2006-01-17 16:55:17 +00:00
John Baldwin
550d1c9392 Initialize thread0.td_contested in init_turnstiles() rather than
mutex_init() as it is used by the turnstile code and is not mutex-specific.
2006-01-17 16:47:42 +00:00
Scott Long
861a23087b If destroying a spinlock, make sure that it is exited properly.
Submitted by: jhb
MFC After: 3 days
2006-01-08 00:18:34 +00:00
John Baldwin
3b783acd2a Revert an untested local change that crept in with the lo_class changes
and subsequently broke the build.  This change is supposed to fix the
case where doing a mtx_destroy() off a spin mutex while you hold it fails.
If it had been tested I would just leave it in, but it hasn't been tested
yet, so it will have to wait until later.
2006-01-07 14:03:15 +00:00
Tai-hwa Liang
75d6a87fa3 Trying to fix compilation bustage introduced in rev1.160 by converting
a missing lo_class to LO_CLASSINDEX().
2006-01-07 02:07:08 +00:00
John Baldwin
3c6decc327 Trim another pointer from struct lock_object (and thus from struct mtx and
struct sx).  Instead of storing a direct pointer to a our lock_class
struct in lock_object, reserve 4 bits in the lo_flags field to serve as an
index into a global lock_classes array that contains pointers to the lock
classes.  Only debugging code such as WITNESS or INVARIANTS checks and KTR
logging need to access the lock_class member, so this shouldn't add any
overhead to production kernels.  It might add some slight overhead to
kernels using those debug options however.
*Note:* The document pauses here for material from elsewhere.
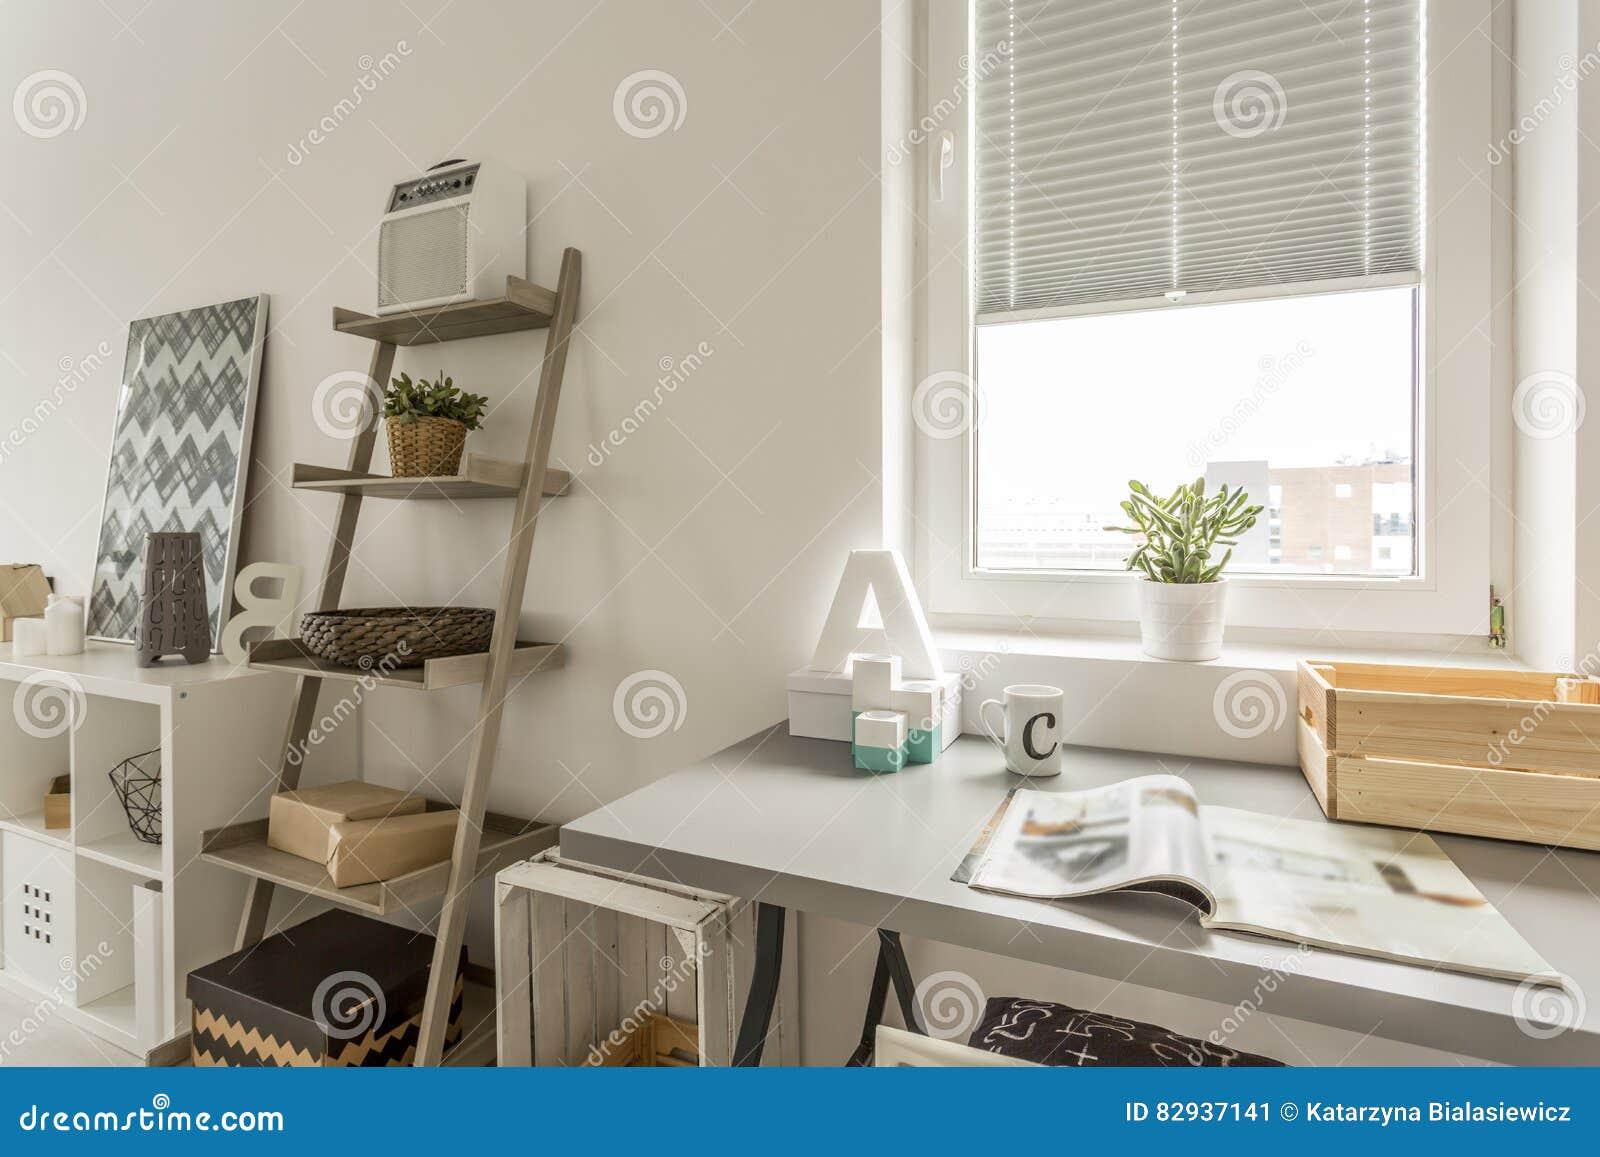 Bureau Voor Woonkamer. Interesting With Bureau Voor Woonkamer ...

As with the previous set of changes to lock_object, this is going to
completely obliterate the kernel ABI, so be sure to recompile all your
modules.
2006-01-06 18:07:32 +00:00
John Baldwin
d272fe53a4 Add a new 'show lock' command to ddb. If the argument has a valid lock
class, then it displays various information about the lock and calls a
new function pointer in lock_class (lc_ddb_show) to dump class-specific
information about the lock as well (such as the owner of a mutex or
xlock'ed sx lock).  This is easier than staring at hex dumps of locks to
figure out who owns the lock, etc.  Note that extending lock_class doesn't
affect the ABI for any kernel modules as the only code that deals with
lock_class structures directly is kern_mutex.c, kern_sx.c, and witness.

MFC after:	1 week
2005-12-13 23:14:35 +00:00
John Baldwin
8c4b6380c7 Move the initialization of the devmtx into the mutex_init() function
called during early init before cninit().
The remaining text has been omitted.